ABOUT THIS TASK:
Return all of the listing word for word; the pictures stay out.

INFORMATION SUPPLIED:
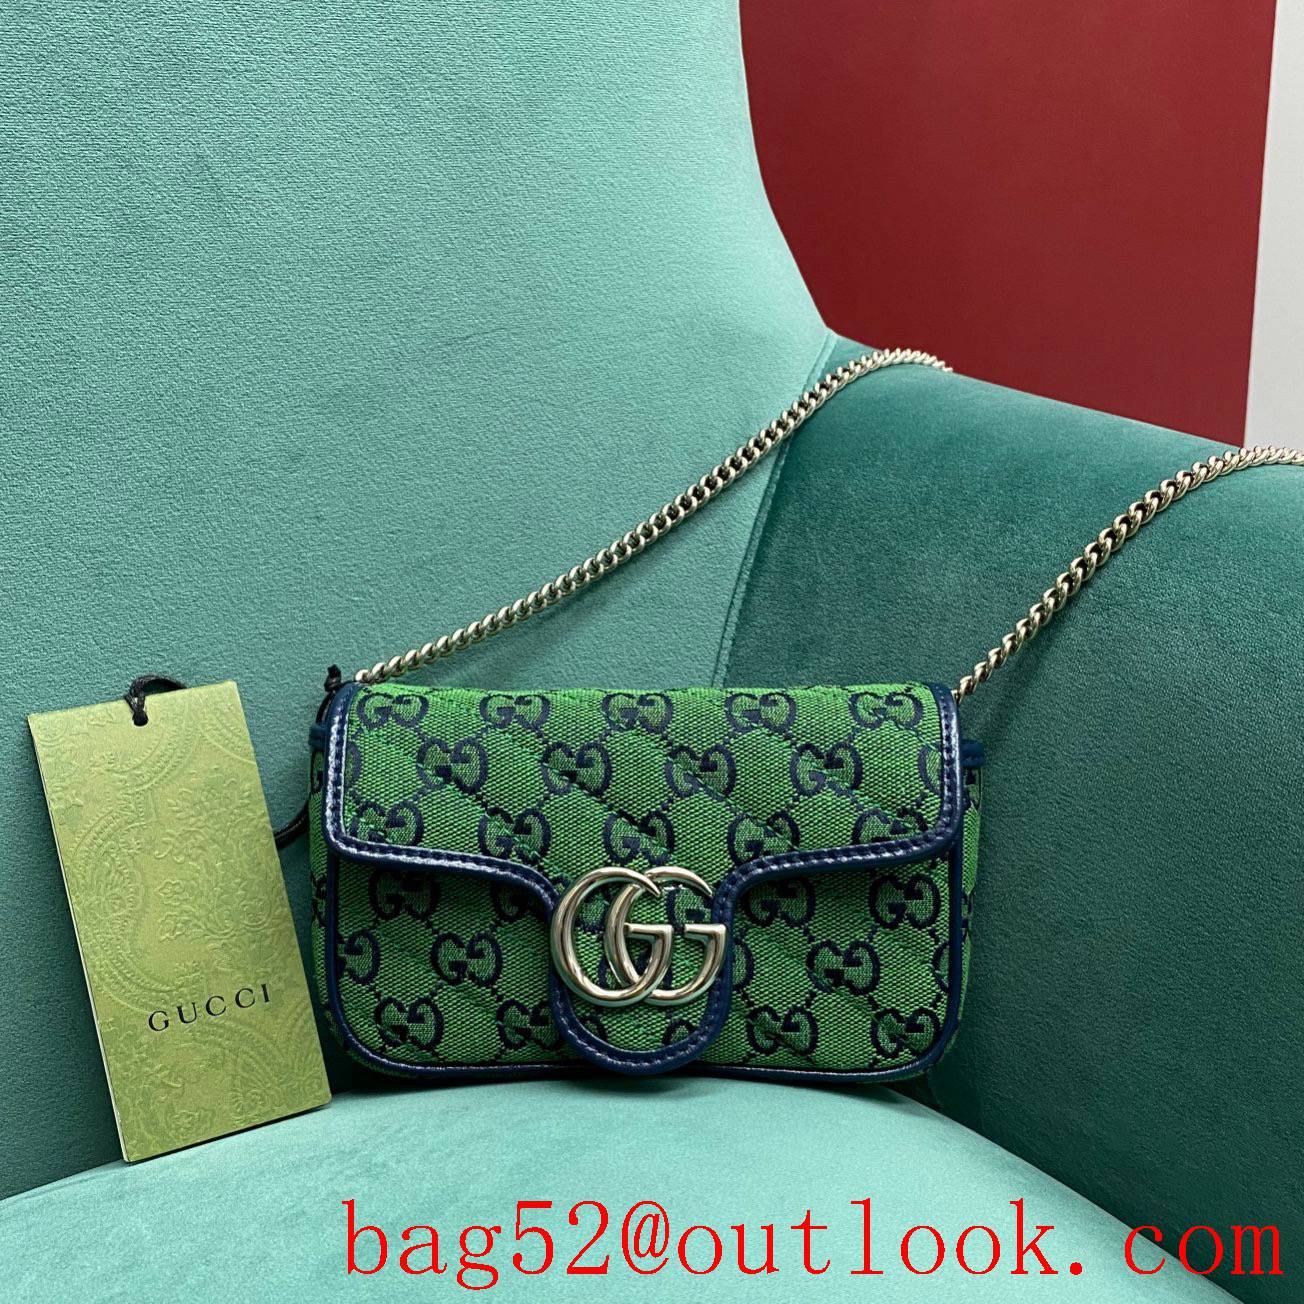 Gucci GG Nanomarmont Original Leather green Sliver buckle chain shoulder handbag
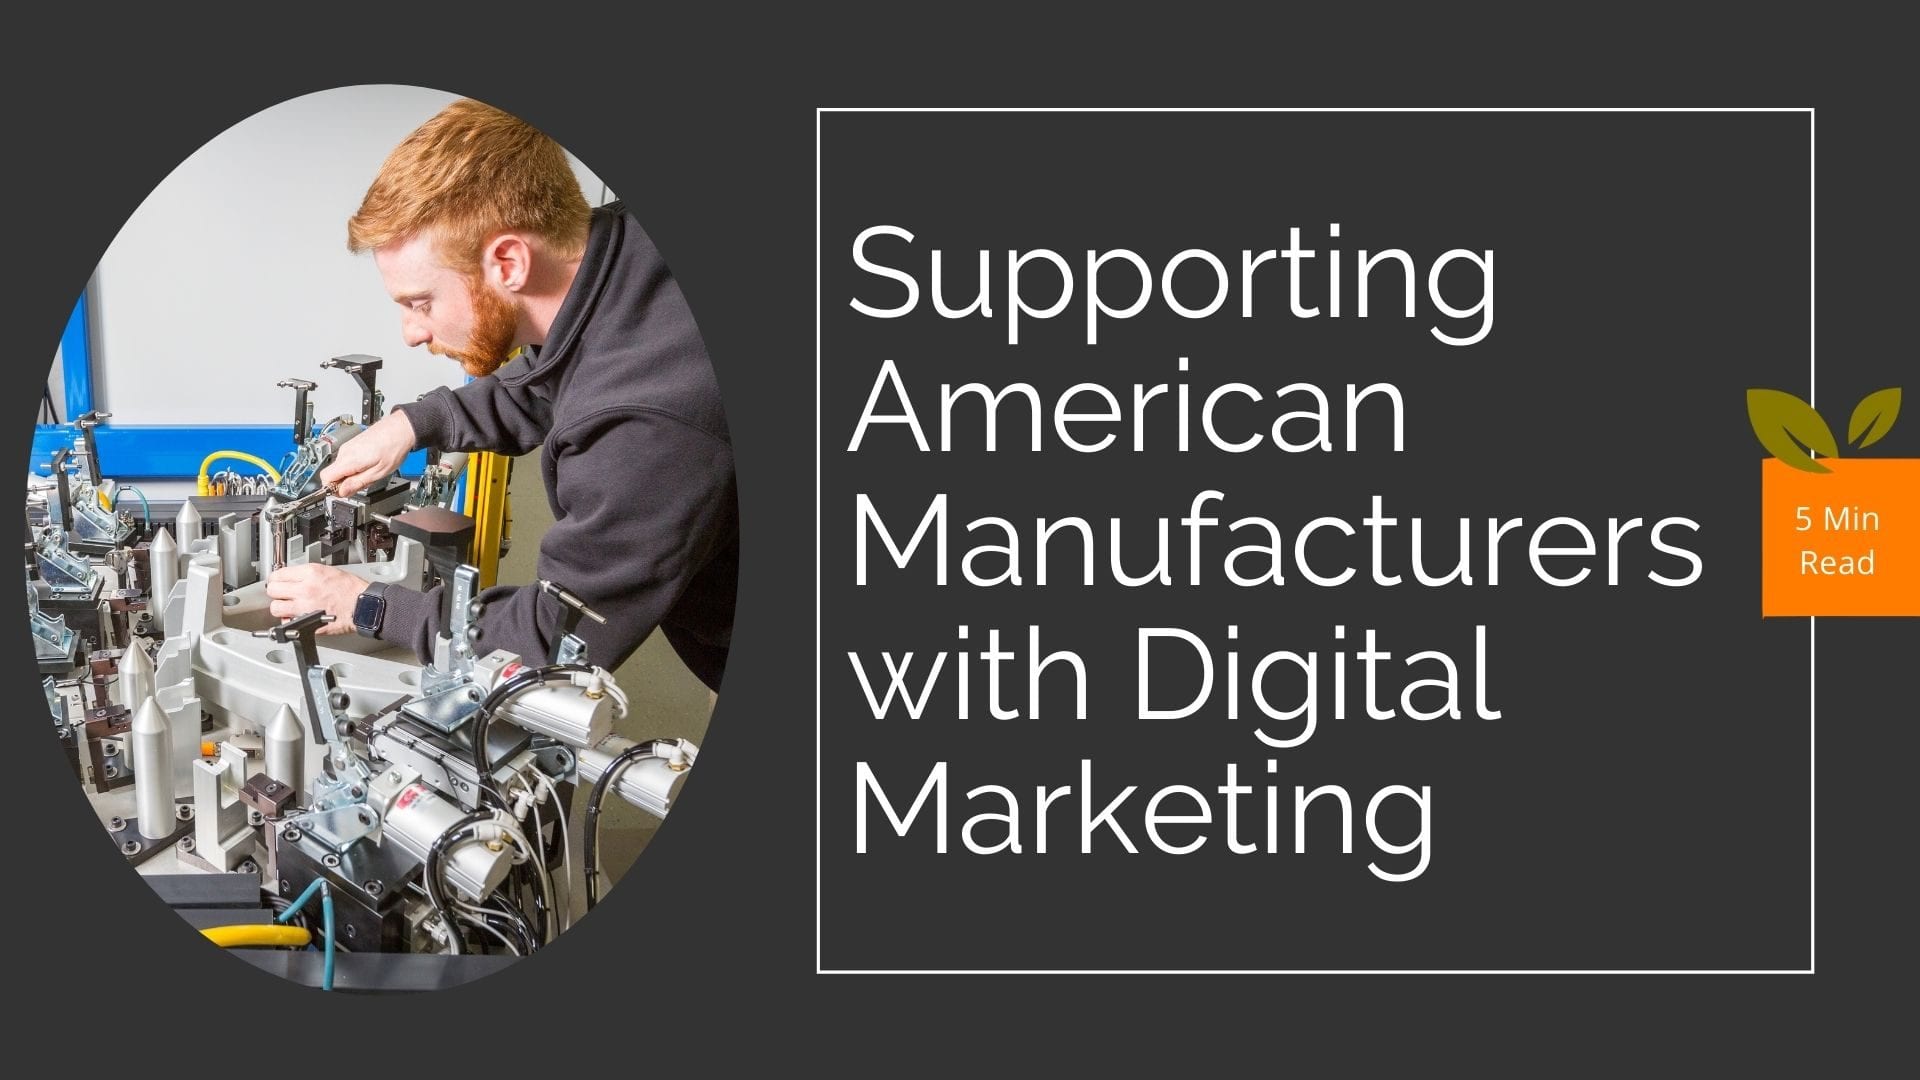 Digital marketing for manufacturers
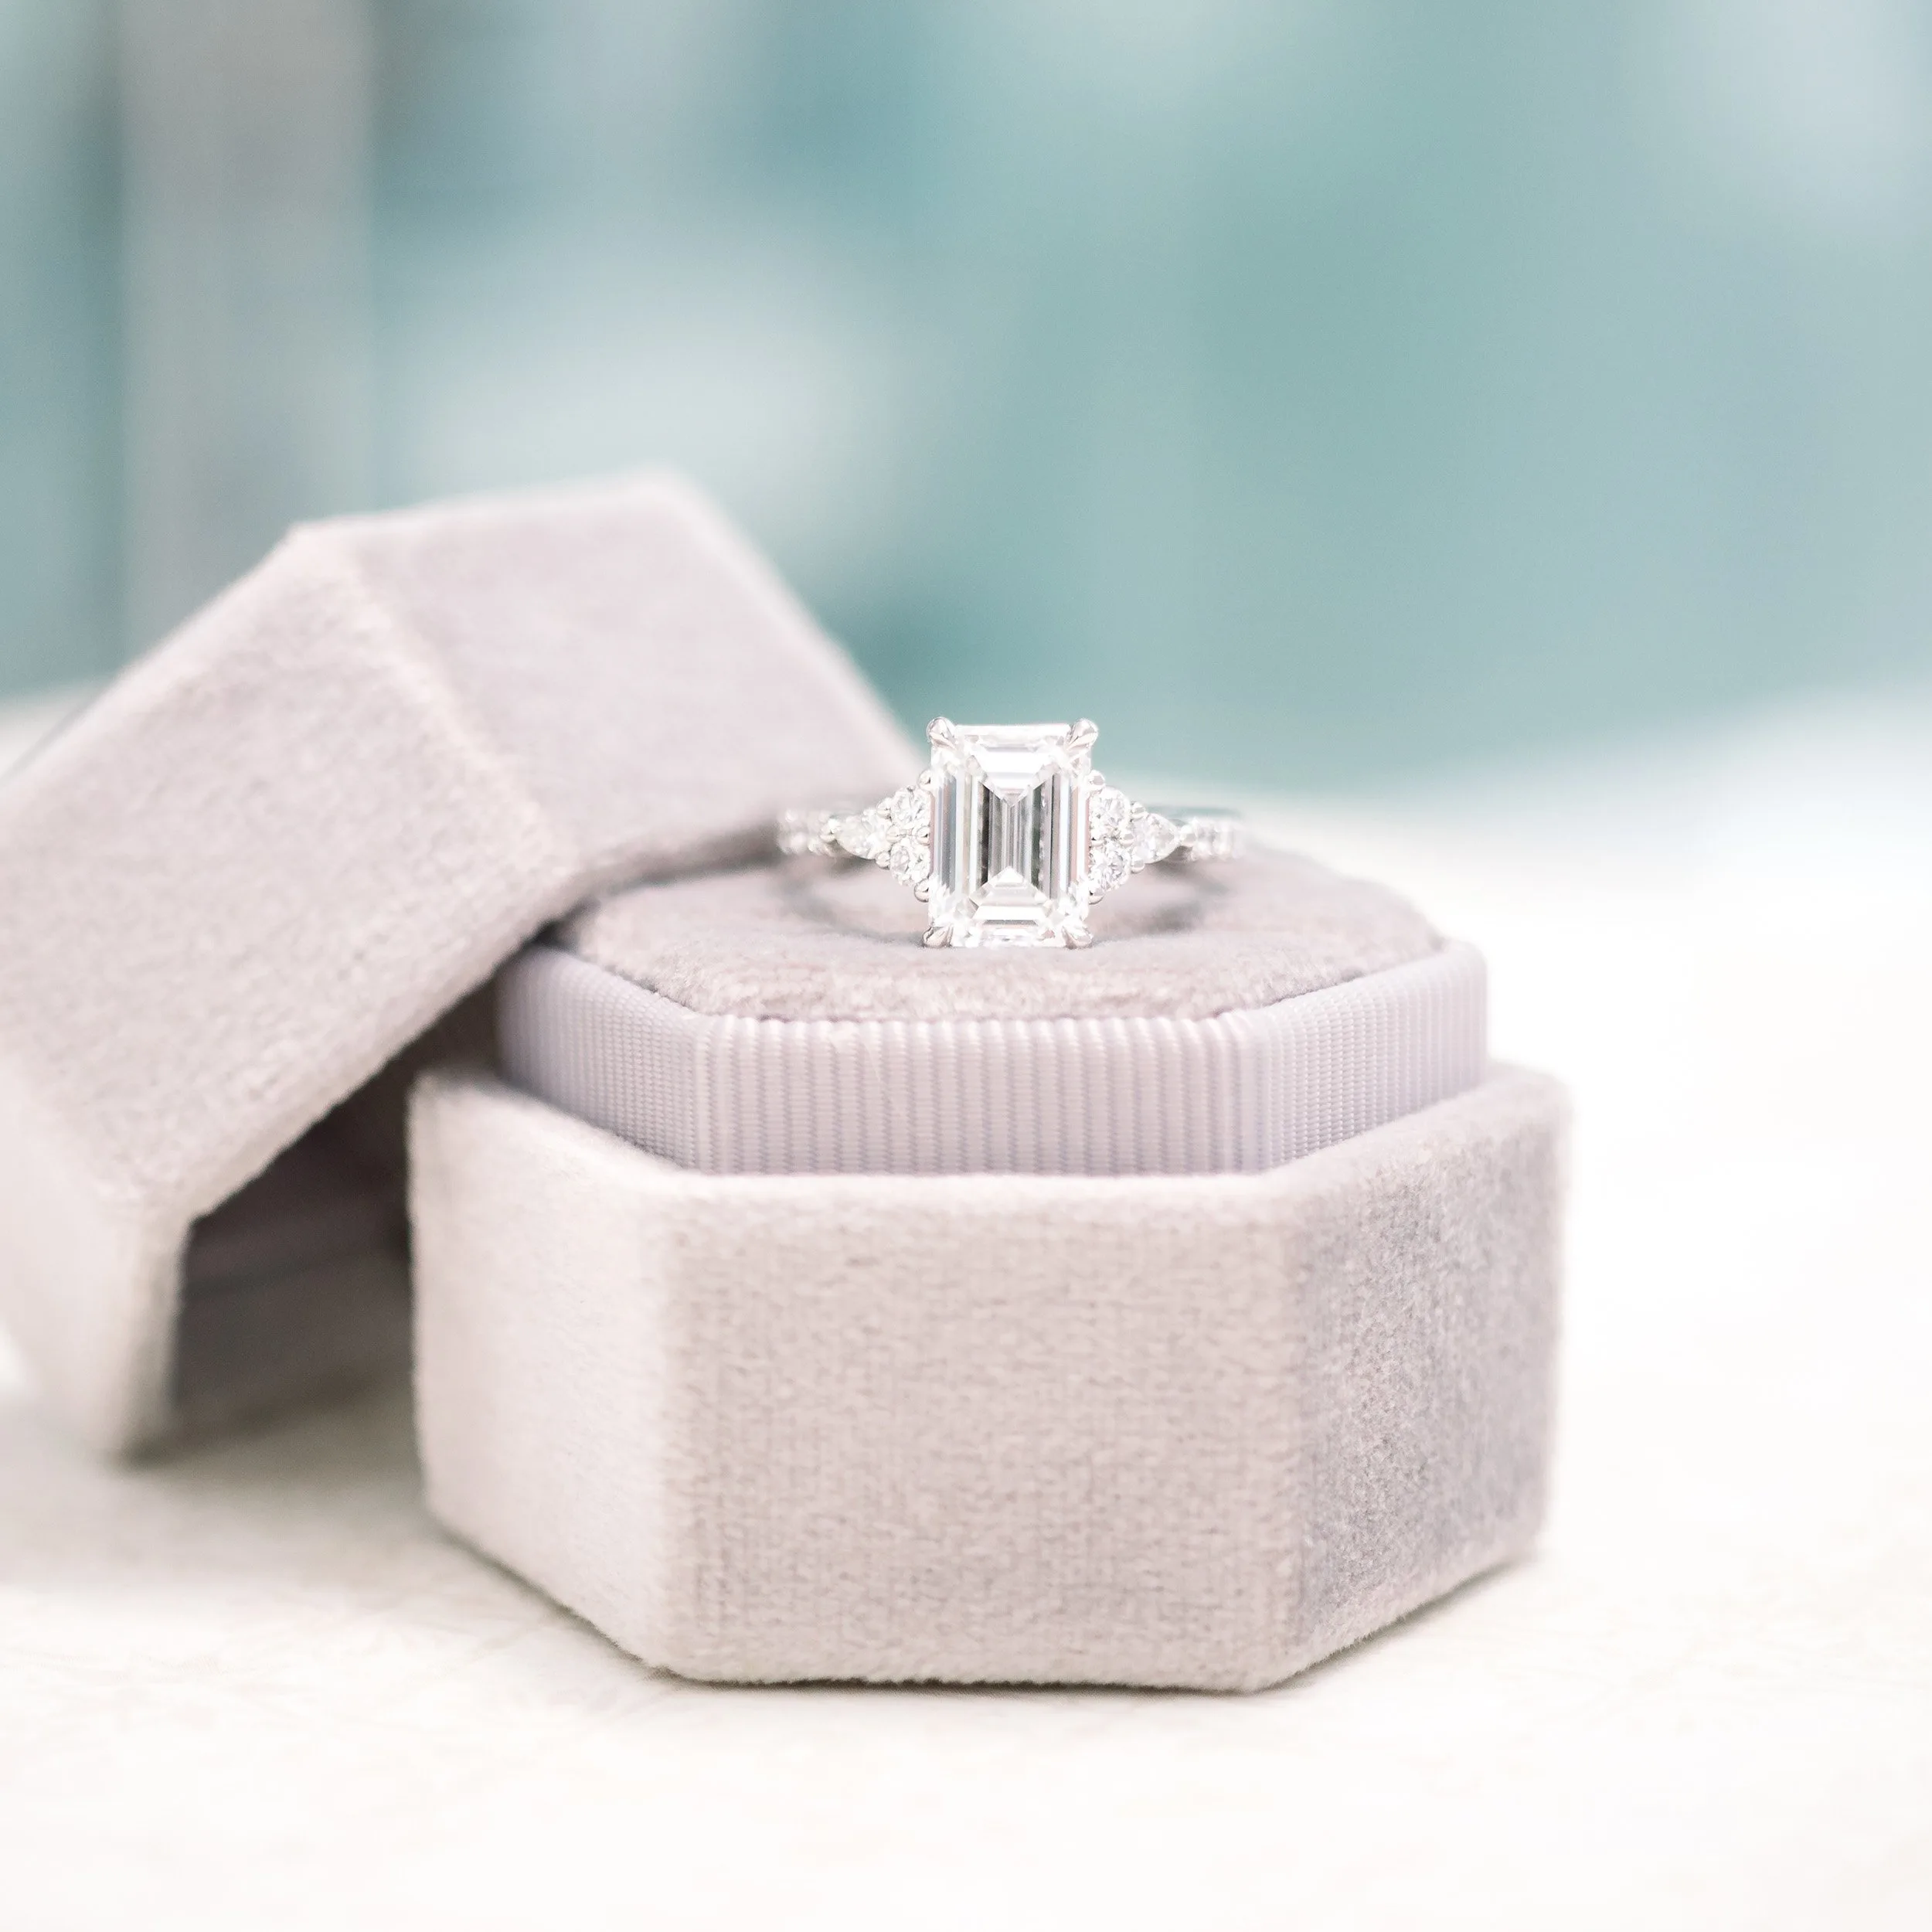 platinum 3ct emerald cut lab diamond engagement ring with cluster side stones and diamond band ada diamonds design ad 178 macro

RESPONSE:
 Gucci GG Nanomarmont Original Leather green Sliver buckle chain shoulder handbag
 Digital marketing for manufacturers
 platinum 3ct emerald cut lab diamond engagement ring with cluster side stones and diamond band ada diamonds design ad 178 macro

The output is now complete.